== Segment start ==
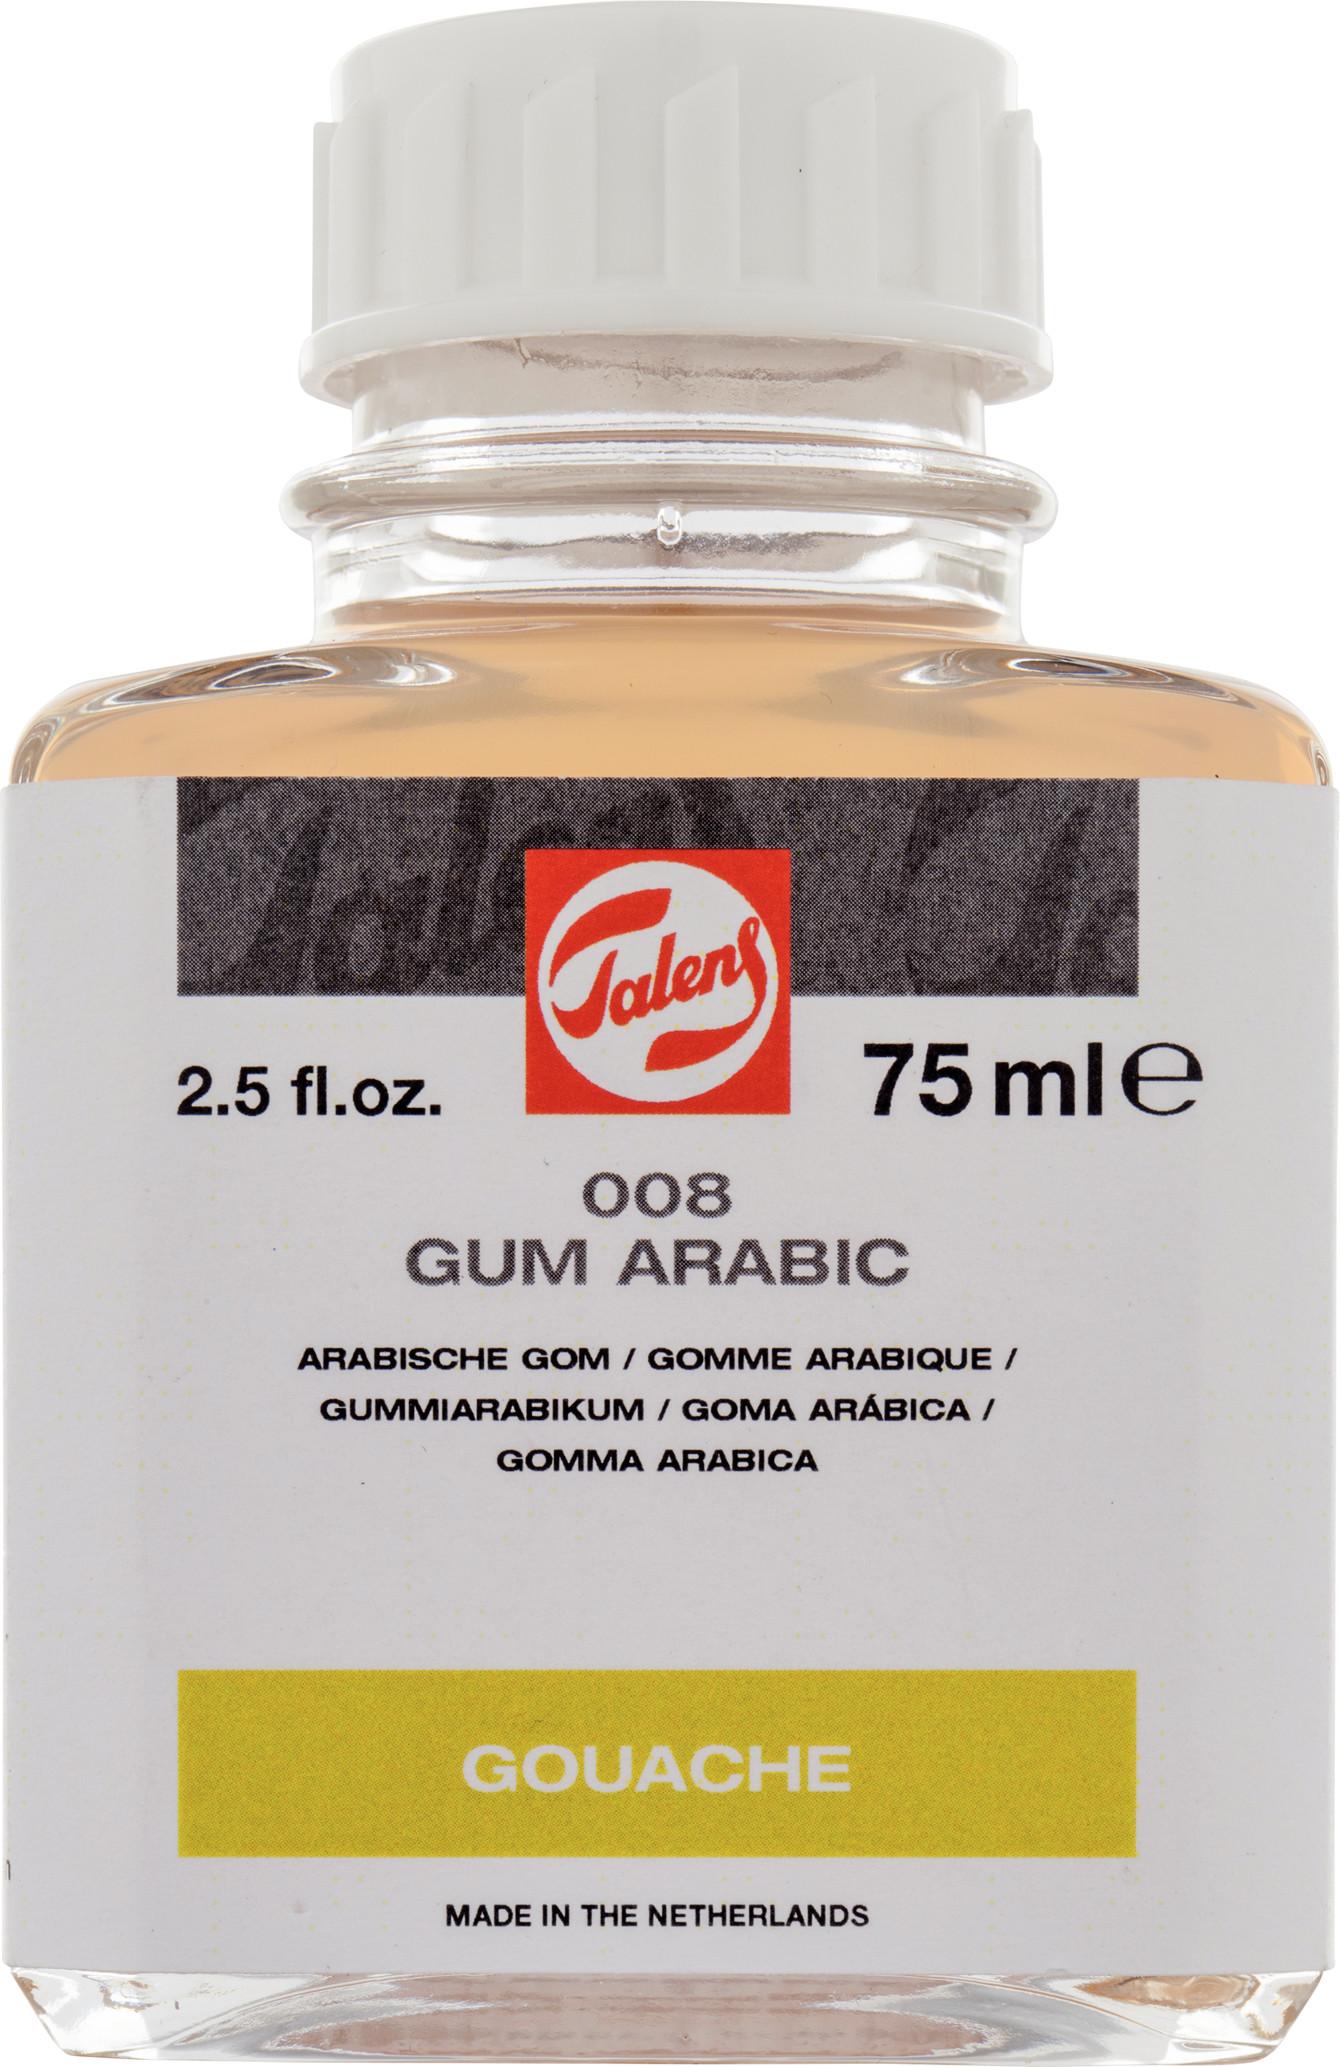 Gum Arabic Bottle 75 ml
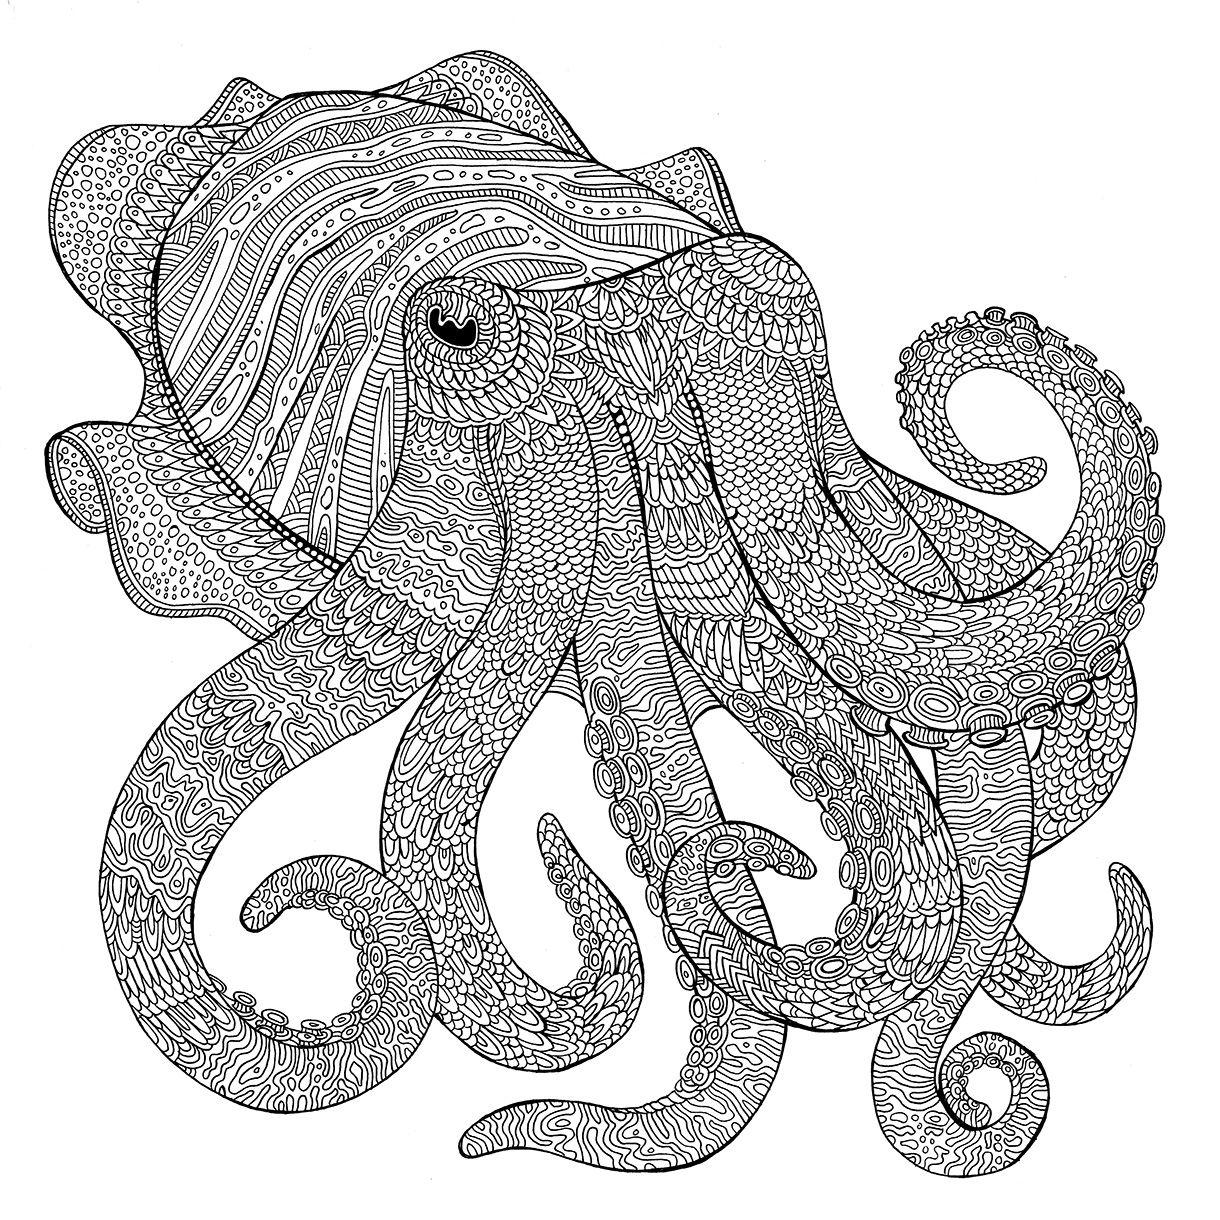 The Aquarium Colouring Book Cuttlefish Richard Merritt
== Segment end ==
== Segment start ==
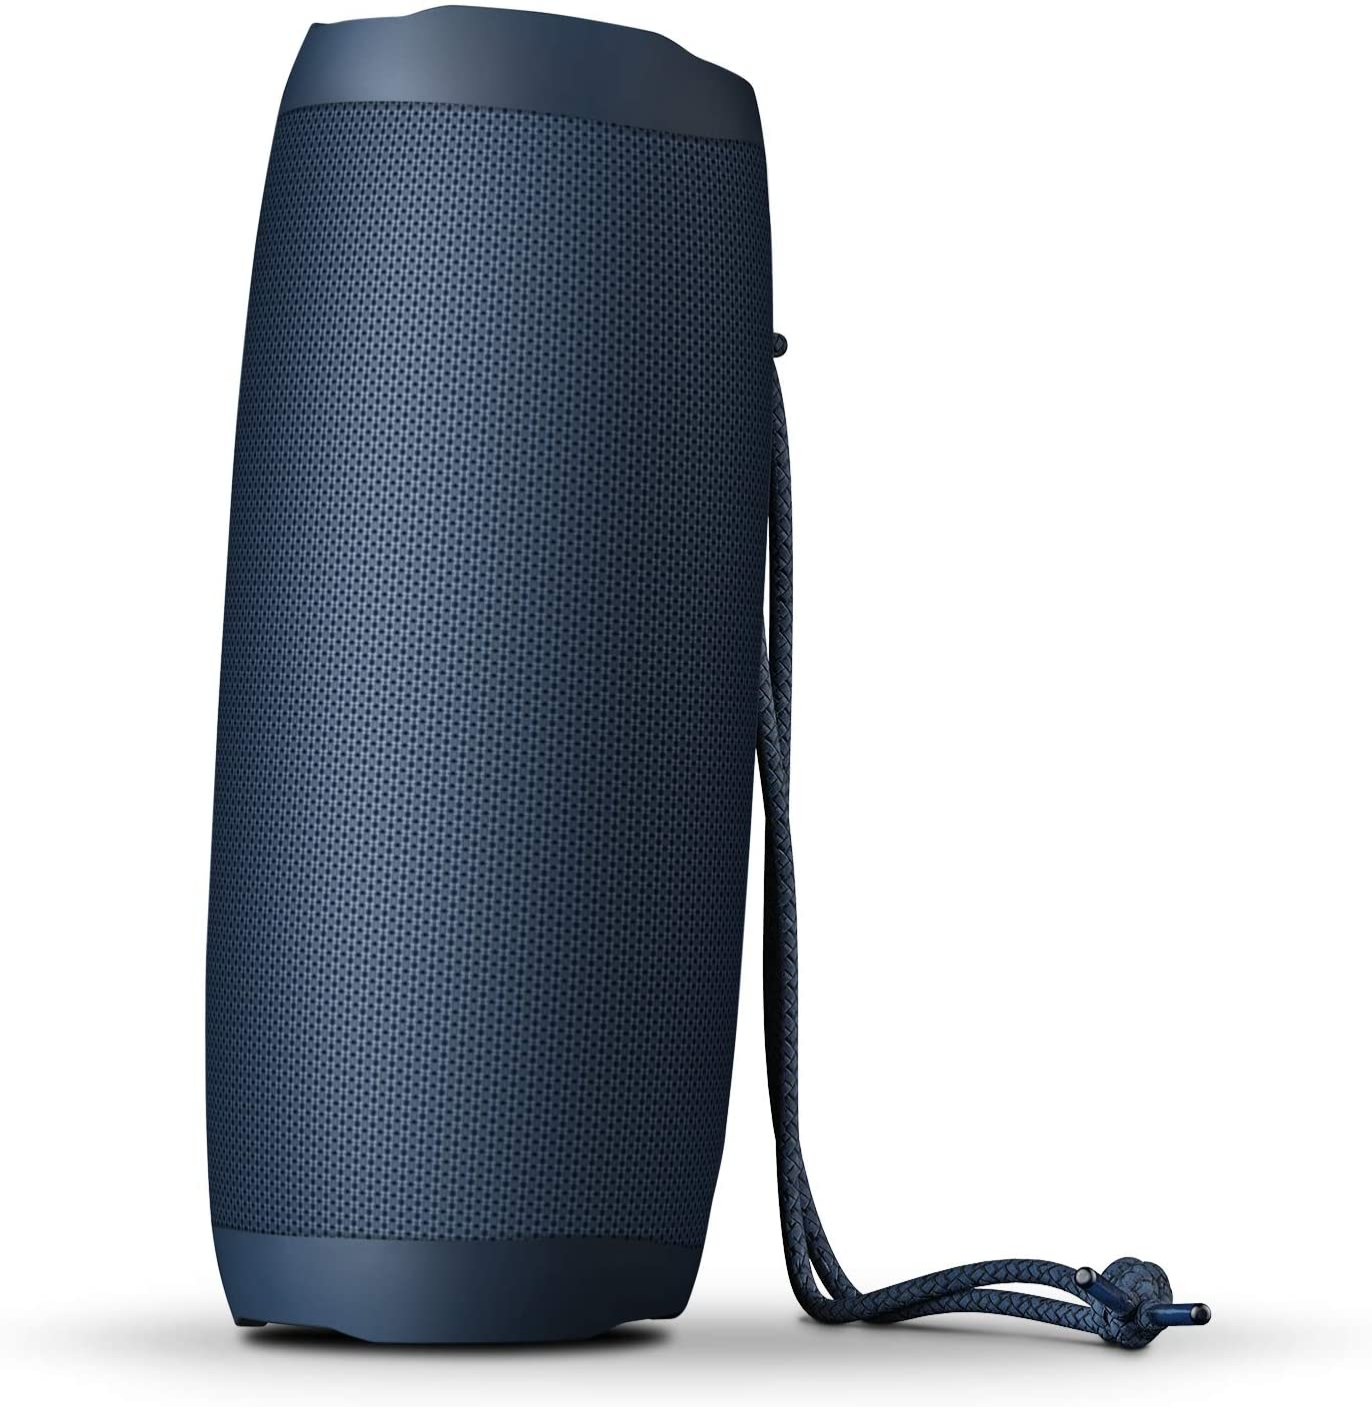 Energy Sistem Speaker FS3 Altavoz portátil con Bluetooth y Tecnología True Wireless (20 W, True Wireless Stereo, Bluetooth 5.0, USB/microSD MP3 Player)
== Segment end ==
◆ Task objective: Taking the material above, give again exactly the lines from the one holding "Gum Arabic Bottle 75 ml" through the one holding "The Aquarium Colouring", with both ends and without pictures.

◆ Answer section:
 Gum Arabic Bottle 75 ml
 The Aquarium Colouring Book Cuttlefish Richard Merritt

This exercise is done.